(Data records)
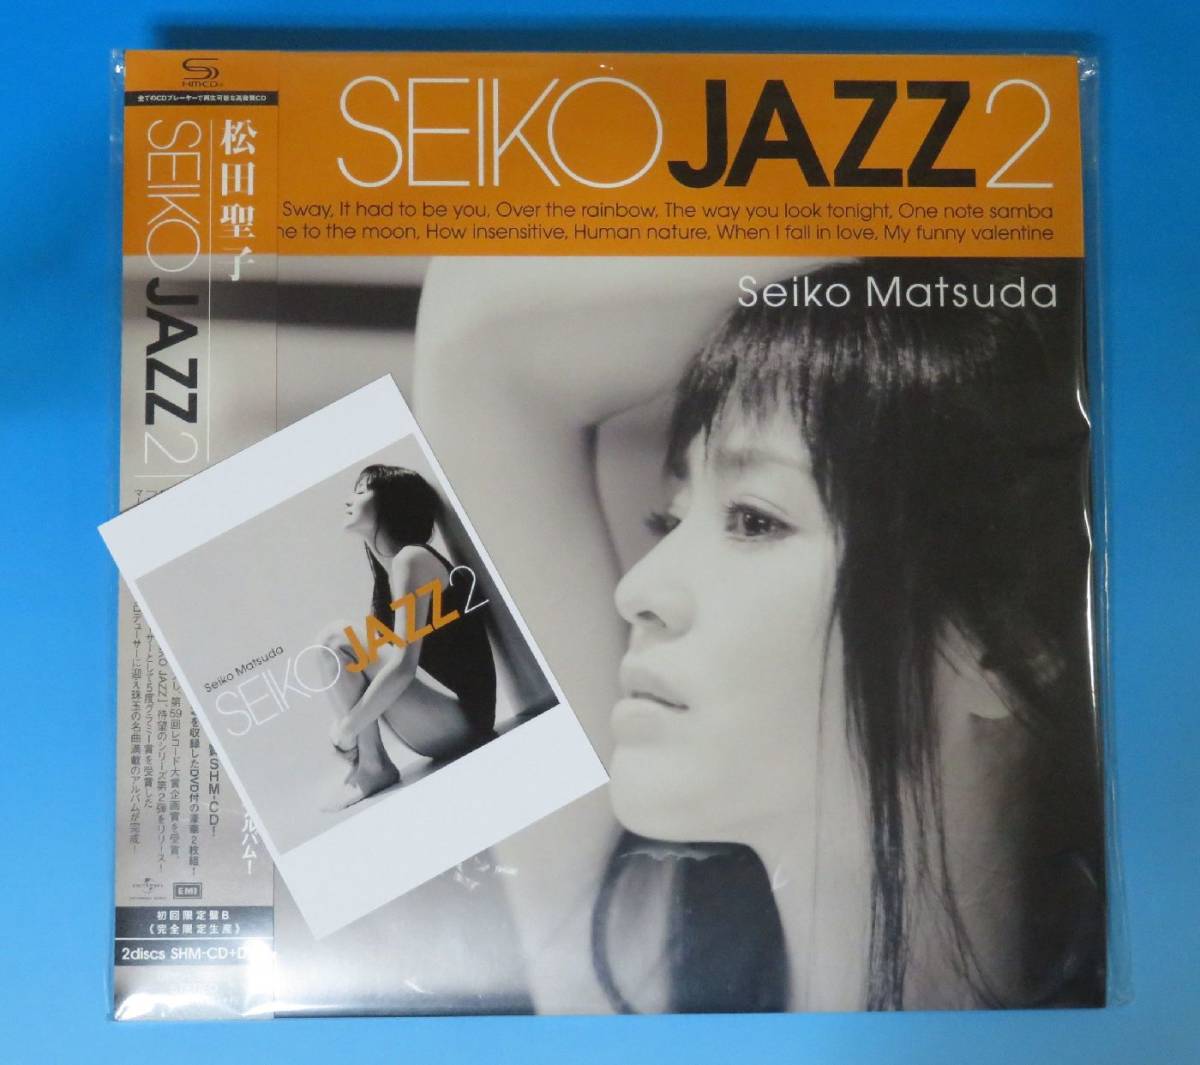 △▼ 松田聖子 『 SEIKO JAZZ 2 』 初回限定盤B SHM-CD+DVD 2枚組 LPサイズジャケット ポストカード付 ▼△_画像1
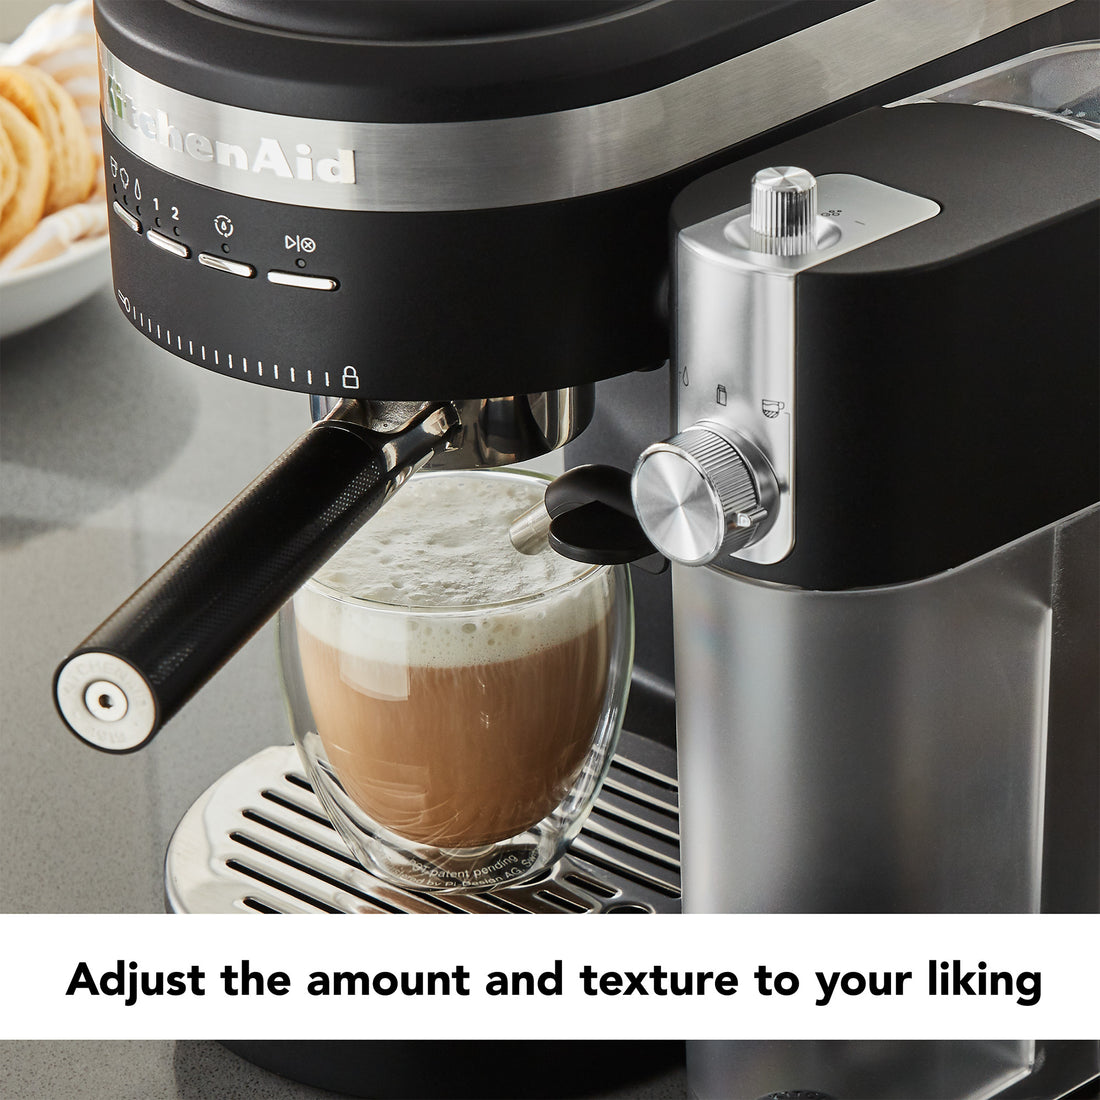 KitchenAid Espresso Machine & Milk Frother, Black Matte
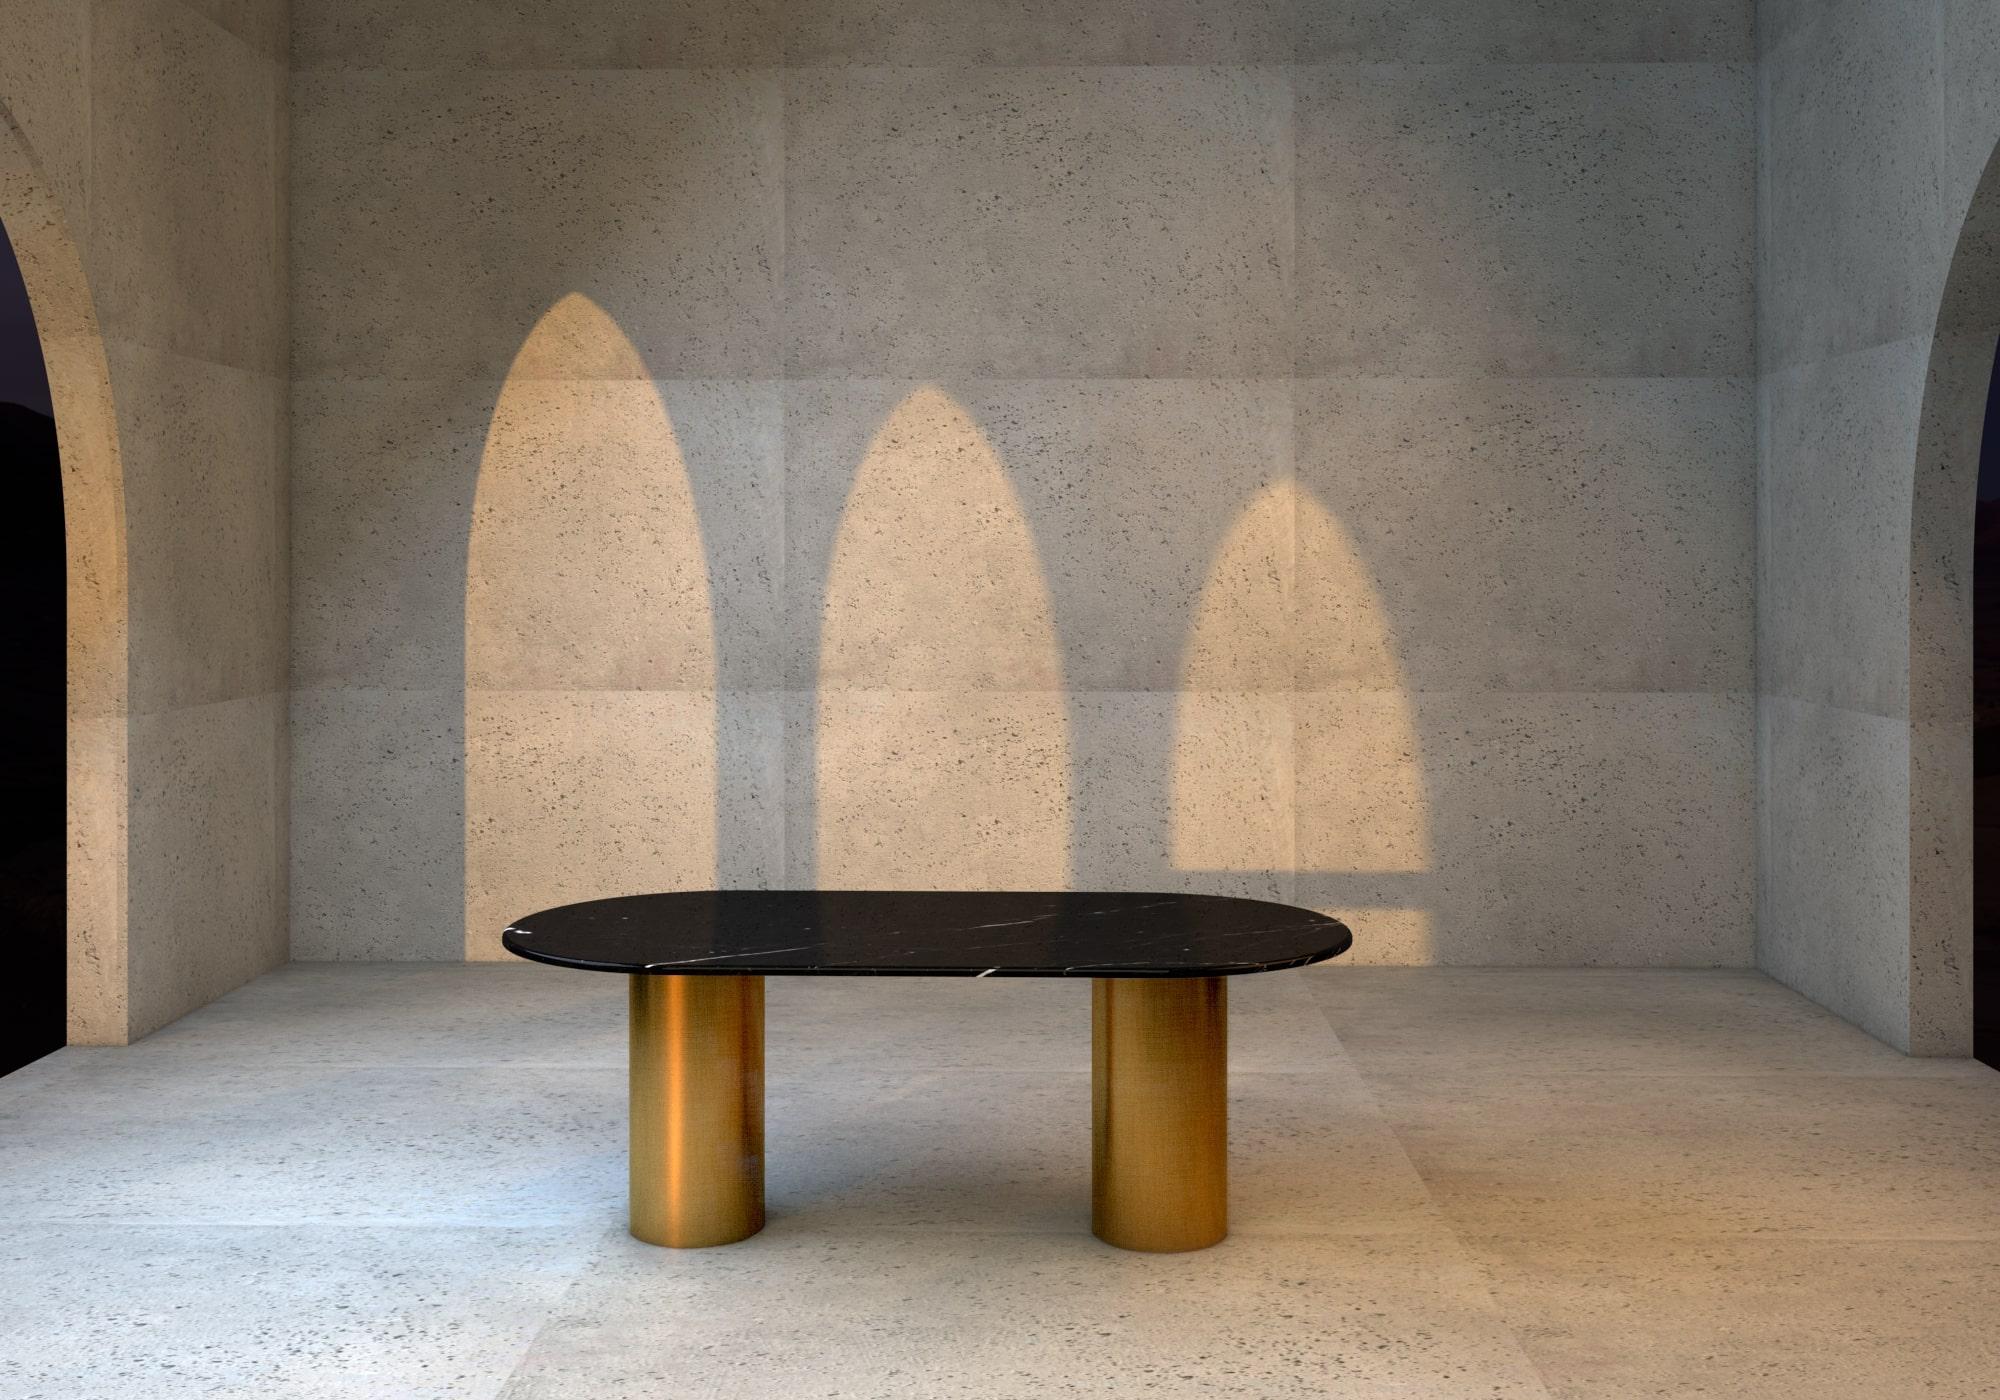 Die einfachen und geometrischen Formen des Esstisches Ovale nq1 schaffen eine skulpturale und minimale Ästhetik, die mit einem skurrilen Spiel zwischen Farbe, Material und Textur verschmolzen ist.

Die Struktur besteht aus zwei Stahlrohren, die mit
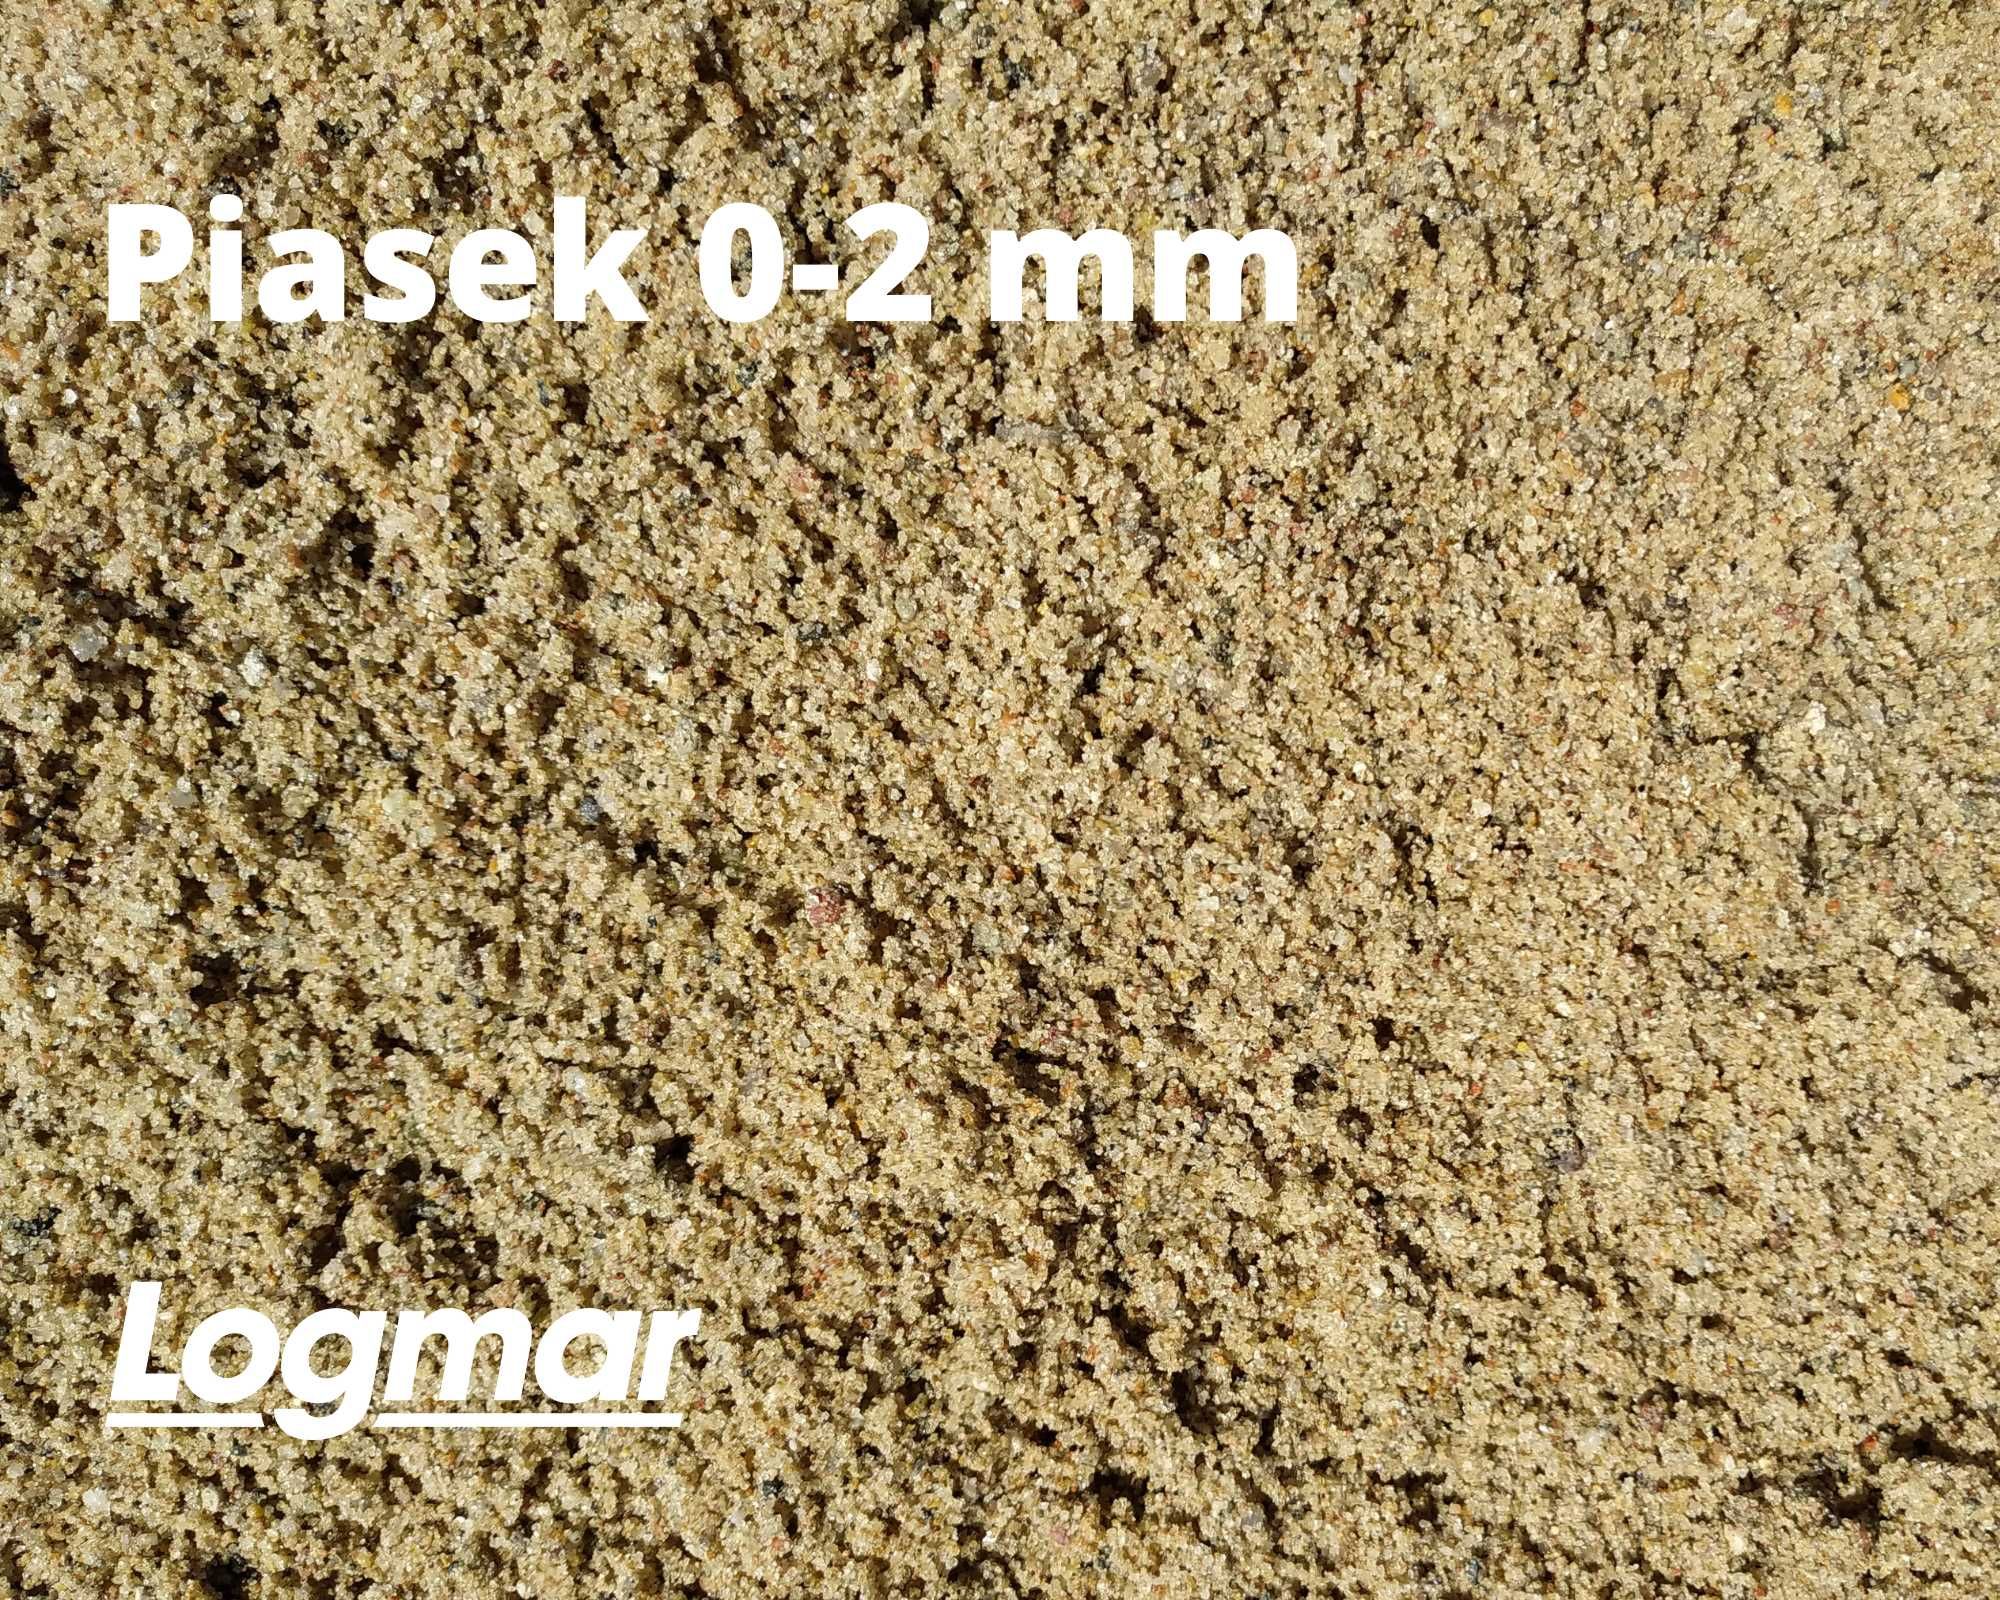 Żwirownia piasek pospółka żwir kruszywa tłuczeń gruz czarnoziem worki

◆ REQUIRED WORK ◆
Repeat every line above precisely; pictures do not belong in the copy.

◆ TASK ANSWER ◆
 △▼ 松田聖子 『 SEIKO JAZZ 2 』 初回限定盤B SHM-CD+DVD 2枚組 LPサイズジャケット ポストカード付 ▼△_画像1
 KitchenAid Espresso Machine & Milk Frother, Black Matte
 Die einfachen und geometrischen Formen des Esstisches Ovale nq1 schaffen eine skulpturale und minimale Ästhetik, die mit einem skurrilen Spiel zwischen Farbe, Material und Textur verschmolzen ist.

Die Struktur besteht aus zwei Stahlrohren, die mit
 Żwirownia piasek pospółka żwir kruszywa tłuczeń gruz czarnoziem worki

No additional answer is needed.